The Conditions of Participation at §418.56 require the interdisciplinary group, as a whole, to update the comprehensive assessment at least every 15 days, and more frequently as the patient’s condition requires. While not explicit in the Conditions of Participation, the process to update the plan of care requires a face-to-face visit and assessment by the RN as the revised plan of care must include information from the patient's updated comprehensive assessment and must note the patient's progress toward outcomes and goals specified in the plan of care.

Is a RN case manager required for this Model, or could a hospice develop a model utilizing a Social Worker case manager?

The Conditions of Participation at §418.56 require that the hospice interdisciplinary group must designate a registered nurse, who is a member of that interdisciplinary group, to provide coordination of care and to ensure continuous assessment of each patient’s and family’s needs, and to ensure continuous implementation of the interdisciplinary plan of care. Whether the hospice chooses to add a social worker as a case manager, in addition to the required RN coordinator, is up to the Model participant.

Can a main hospice with multiple other hospices, each having their own National Provider Identifier (NPI), submit one application or must each hospice apply individually to participate in the Model?

Each hospice location participating in the Model must have an individual National Provider Identifier and must apply individually using its provider number. Each application will be reviewed and evaluated on the merits of that particular hospice. Payment to hospices selected to participate in the Model will be made directly to the hospice utilizing its provider number. CMS seeks to enroll geographically diverse hospices of differing sizes that serve demographically different populations.

The Request for Applications uses the term “traditional home”; does this include a group or boarding home?
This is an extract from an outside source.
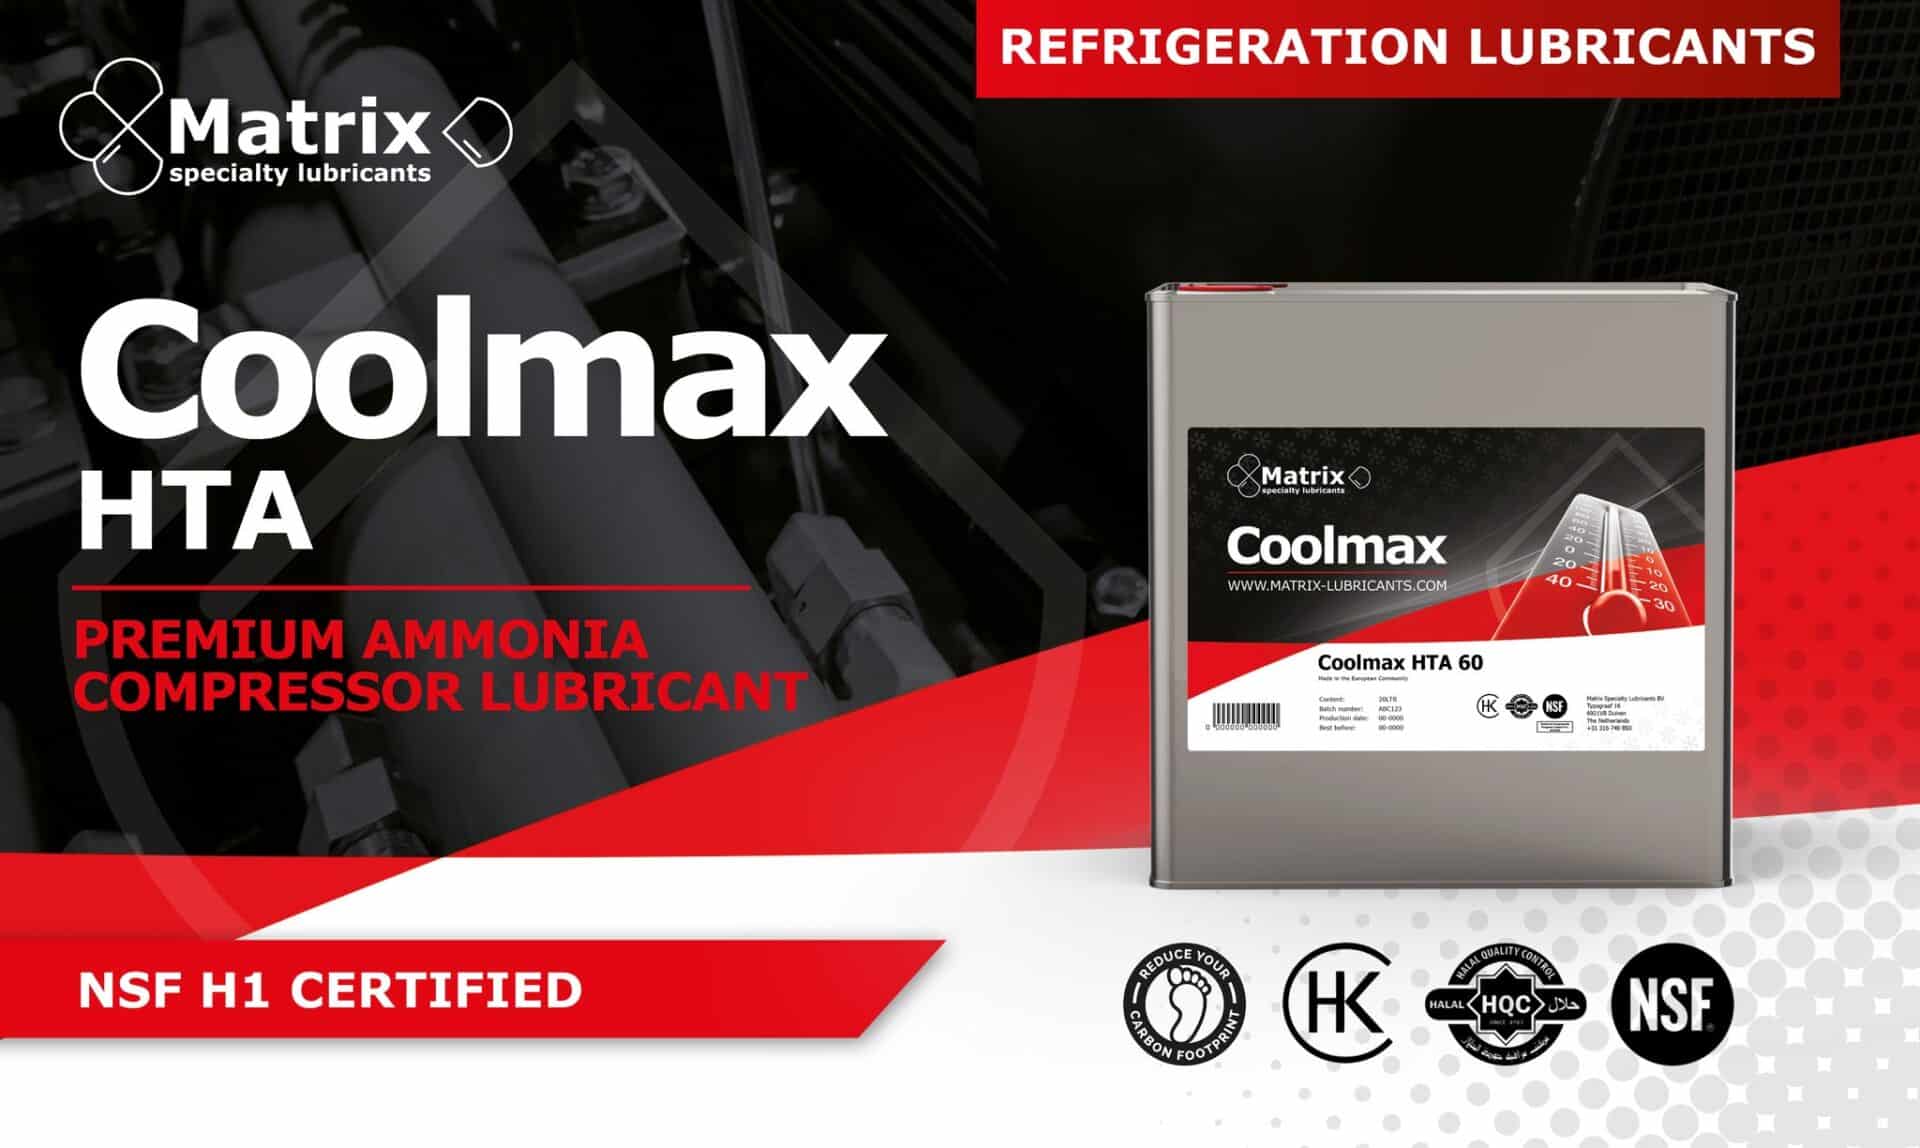 Matrix specialty lubricants' Coolmax HTA premium ammonia compressor lubricant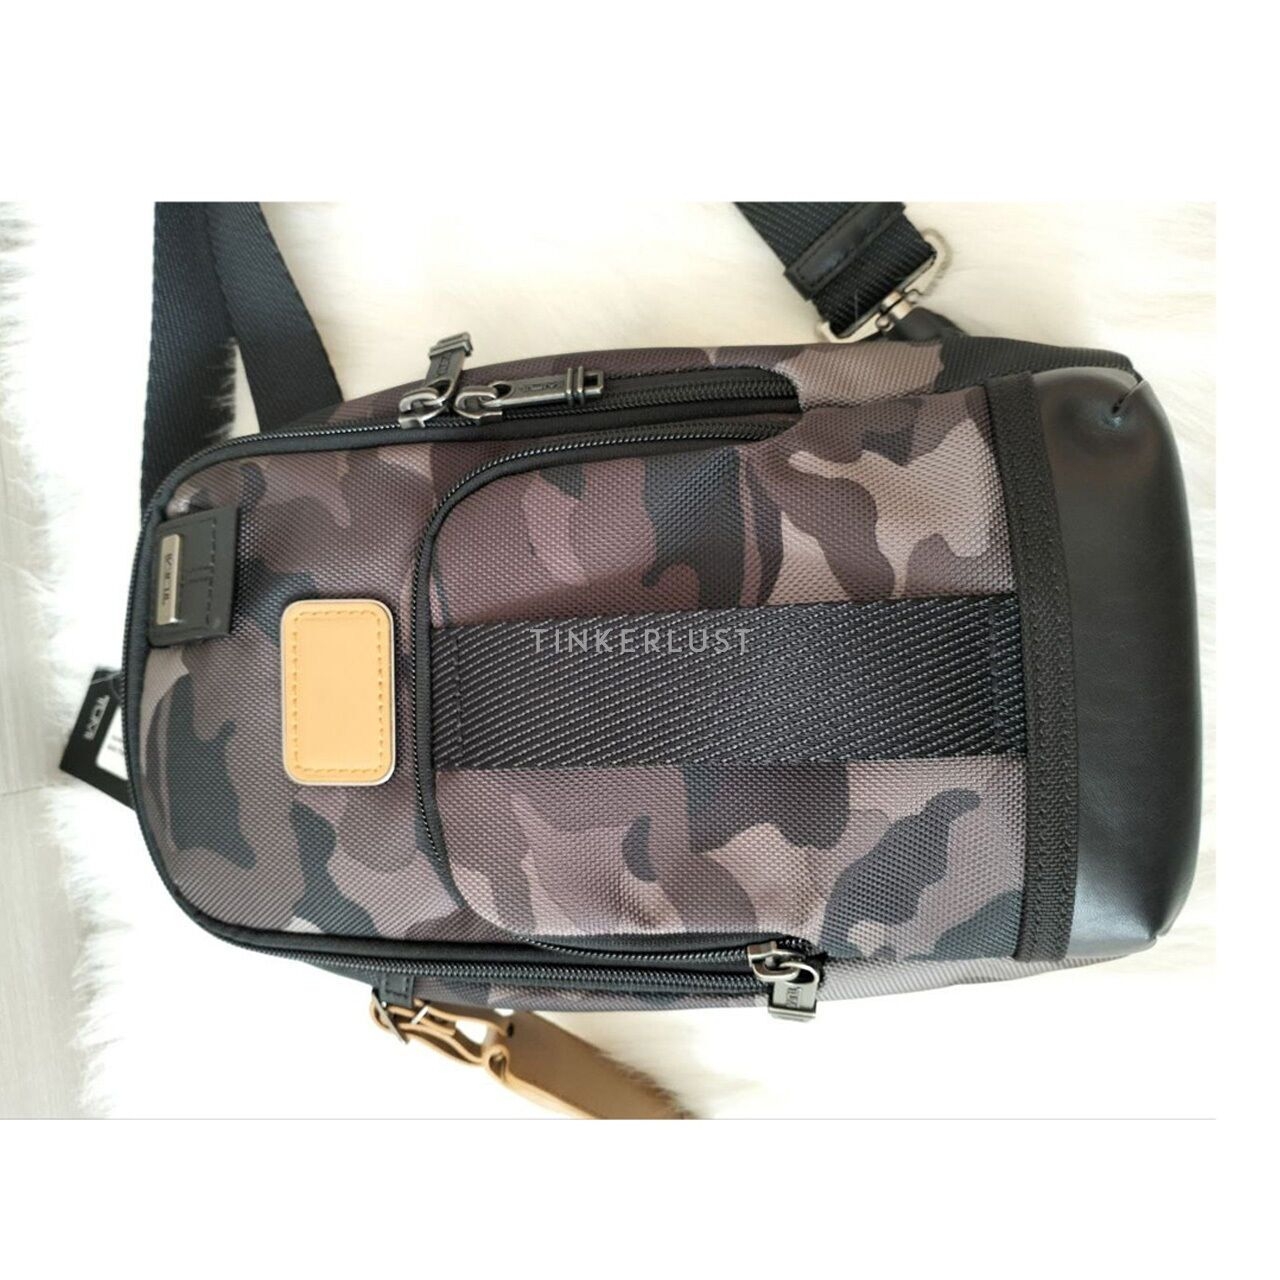 Tumi Fife Sling Bag in Army Black & Dark Grey Sling Bag

Under the Medicare Care Choices Model, “home” is defined as a location or residence, other than a hospital or other facility, where the patient receives care in a residence. A beneficiary residing in a group home, defined as a residence, with shared living areas, where clients receive supervision and other services such as social and/or behavioral services, custodial service, and minimal services (e.g., medication administration), or a boarding home, defined as a home or facility (often a larger converted residence) where an individual rents a room and receives no supportive services would be eligible to participate. In order to be eligible for the Model, the qualifying beneficiary must have resided in a home, not an institutional setting for the purposes of receiving nursing or aide services, for a period of at least 30 days prior to their enrollment in the Model.